Hurricane-grass may weather a twister, or thrive on lava (they do), or occupy asphalt, or dominate bare scrub sand where nothing else lives because, like other post-apocalyptic survivors, they have a bunker.  We sort of.

Wreath

If you’re truckin’ along and spot a Hurricane-Grass it often looks like a green wreath dropped on top of the ground, a raised ring of little green rosettes, and  a black or sandy unoccupied center.   Seen from above It grows outward, like a fairy ring in the lawn, leaving the enlarging hollow center behind. Viewed from the side (lie on your belly with chin to the ground – ha ha), it looks like a tiny sand dune two inches tall having green leafy rosettes on the surface.

But here’s the thing, or things.  Thing 1:  Each of those rosettes on top is merely the tip of the whole plant.  The rosette on a trunk just like the tuft of leaves on top of a palm is on the palm’s trunk.   If you pull the Hurricane-grass out of the sand it actually resembles a little palm,  its  sand-covered “trunk” looking at first glance like a taproot.   But brush off the sand and look closely: the “taproot” is actually a  stem covered with old leaf bases, like the “boots” on a cabbage palm.   The weird part is that all those “trunks” are embedded in the sandy bunker.  They are “buried” aboveground in congested groups.  Think of a dense stand of palm trees up to its leaves in a raised sand dune.     Those little stems are as protected as can be, and even better, their growing tips are not even at the exposed top, but are sunken down in the mini-dune bunker. How does the colony build up that protective sandy dunelet?   Seems like sand drifting in wind (or water) catches on the exposed portions, settles, and piles up as the rosette then rises a little taller to stay exposed.

Chin on the sand view

Helpful diagram of the same view.
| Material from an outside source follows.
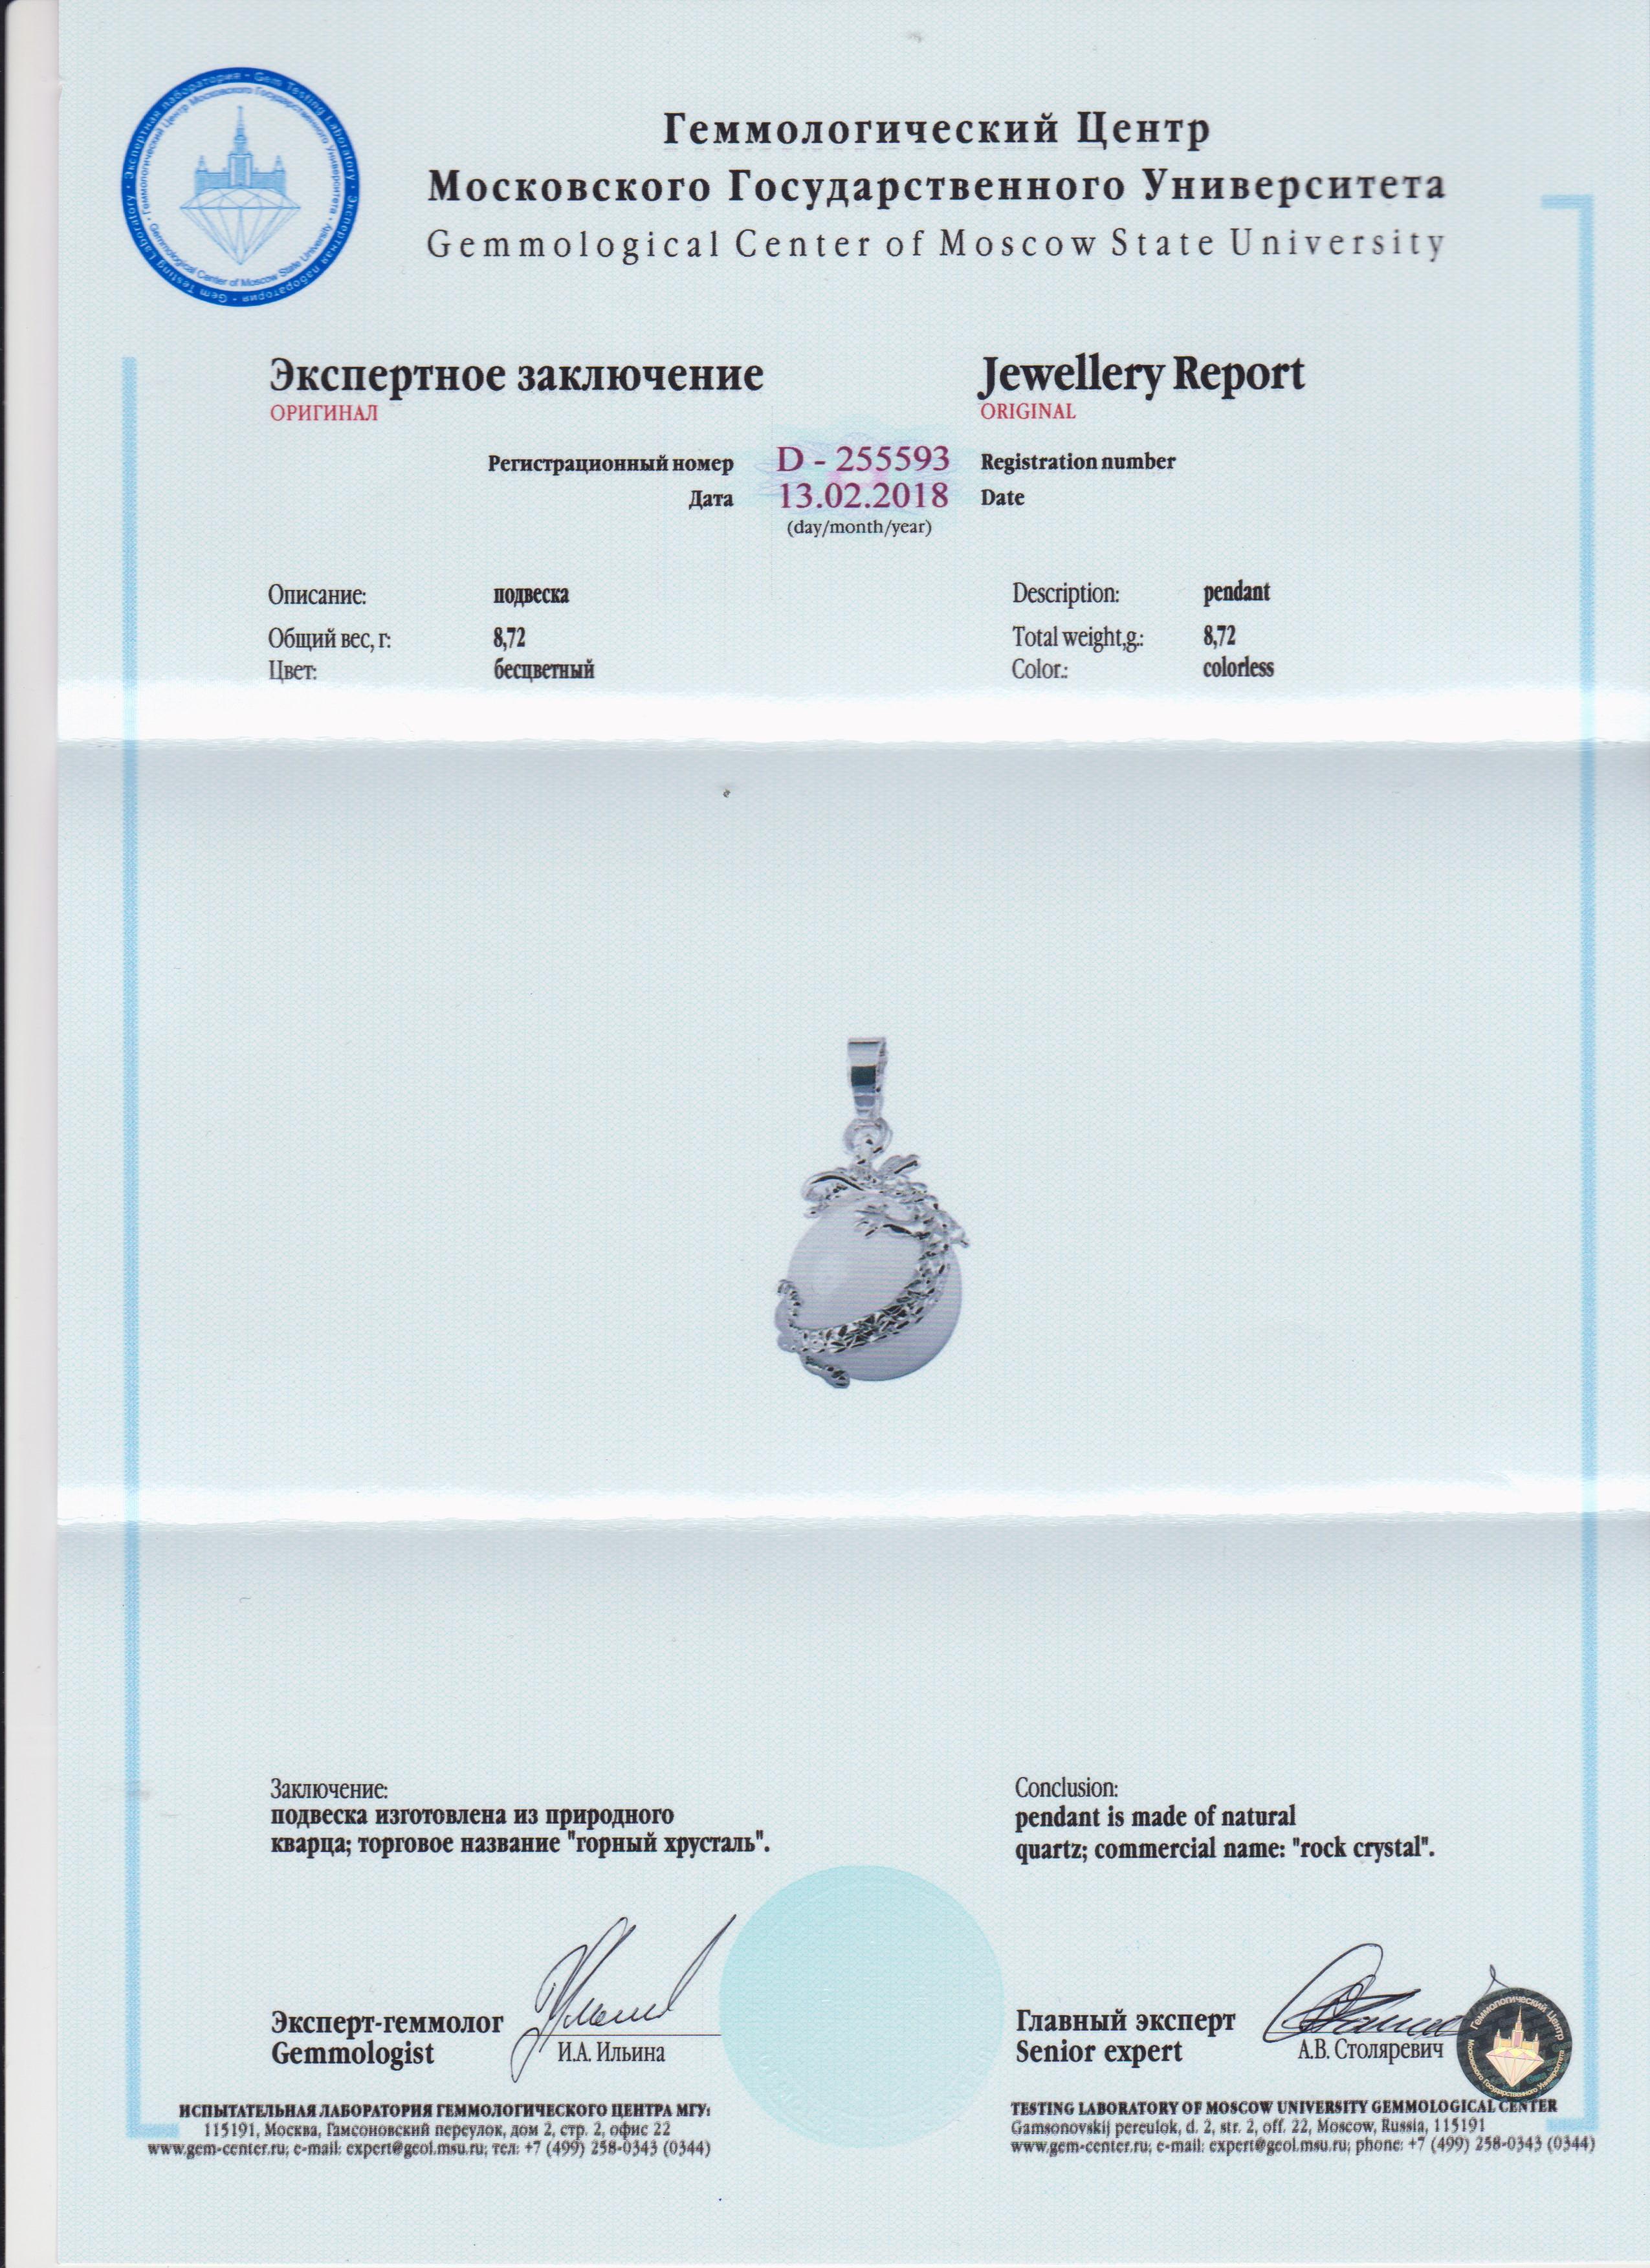 https://mineralmarket.ru/img/certificate/40/1520250270.jpg

Note the mini-sand-dune, the rosettes at the top of the sand, and the branching.

Exposed! Stem (brown, superficially resembling taproot) to front and right)

Growing tip hidden safely below exposed top.
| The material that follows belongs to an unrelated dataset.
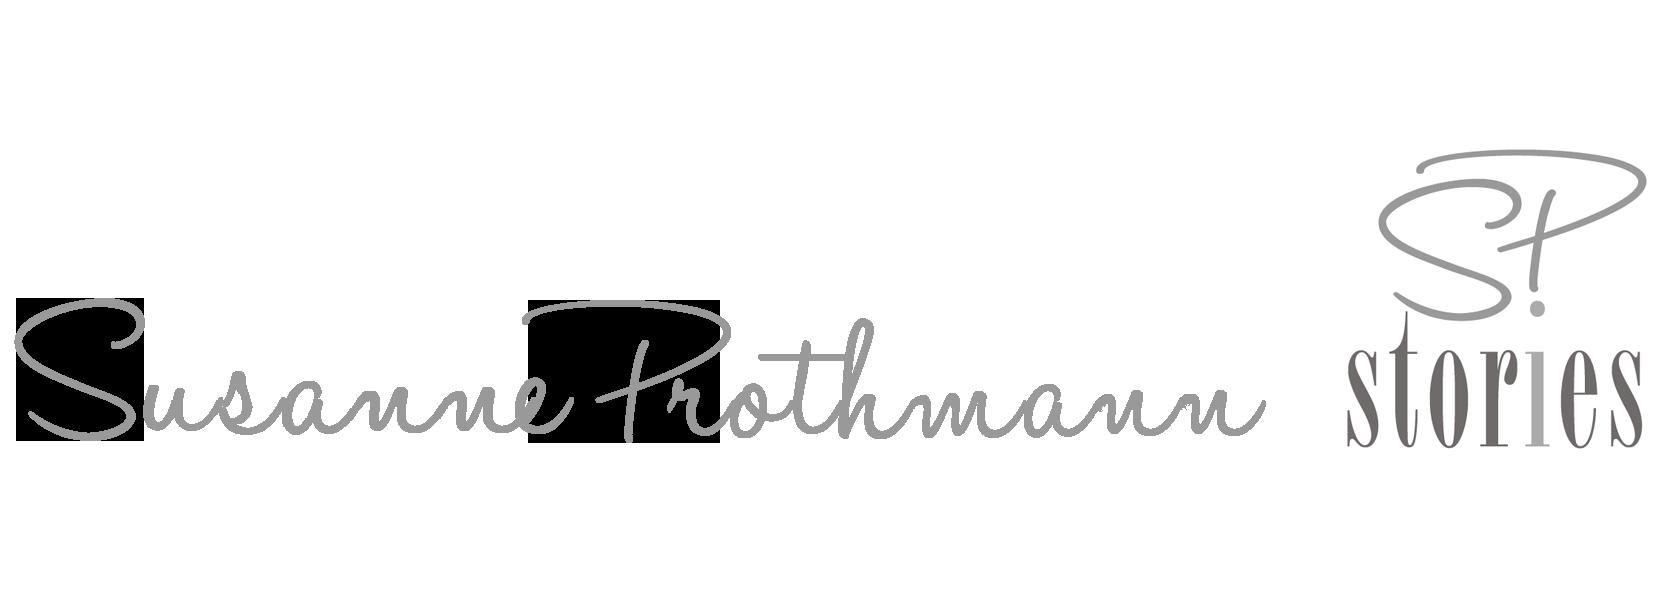 Susanne Prothmann

Thing 2:  How does the wreath expand?  Those buried stems become increasingly crowded by branching in a Y-shaped pattern, the dead zone in the broad hole-in-the-donut probably a good water-catcher.  

How many ways does the sand protect the sedge and its hidden growing tips?   Who knows?  Undoubtedly from sun, UV, wind, drying, abrasion, bugs, hungry hippos,  unfavorable surface soils, and in its typically hellishly hot haunts, from heat.  Just for fun I monitored hurricane-grass temperatures from yesterday afternoon  through the night and all day today.  Readings were recorded every minute for approx.1700 minutes in three positions:

Position 1. Nestled down among the hidden stems 1.5 inches below the rosettes.  (Green line)

Position 2.  Buried in the nearby soil 1.5 inches deep.   (Brown line)

Position 3.  On  the exposed soil surface.   (Orange line)

Tracking the heat for one afternoon, night, and following day. Orange = surface temperature. Green = temperature between stems 1.5 inch below rosette. Brown = buried in soil 1.5 inch.

The protection from the soil-surface temperature (orange line) was substantial, in the daytime sun cooler and more stable.   The temperatures among the stems (green line) were roughly equivalent to burial in the nearby soil (brown line), although actually a little cooler. Notice that at the highest temperature you see the biggest difference between the green and brown lines.    Betcha that gap broadens at even-higher temperatures.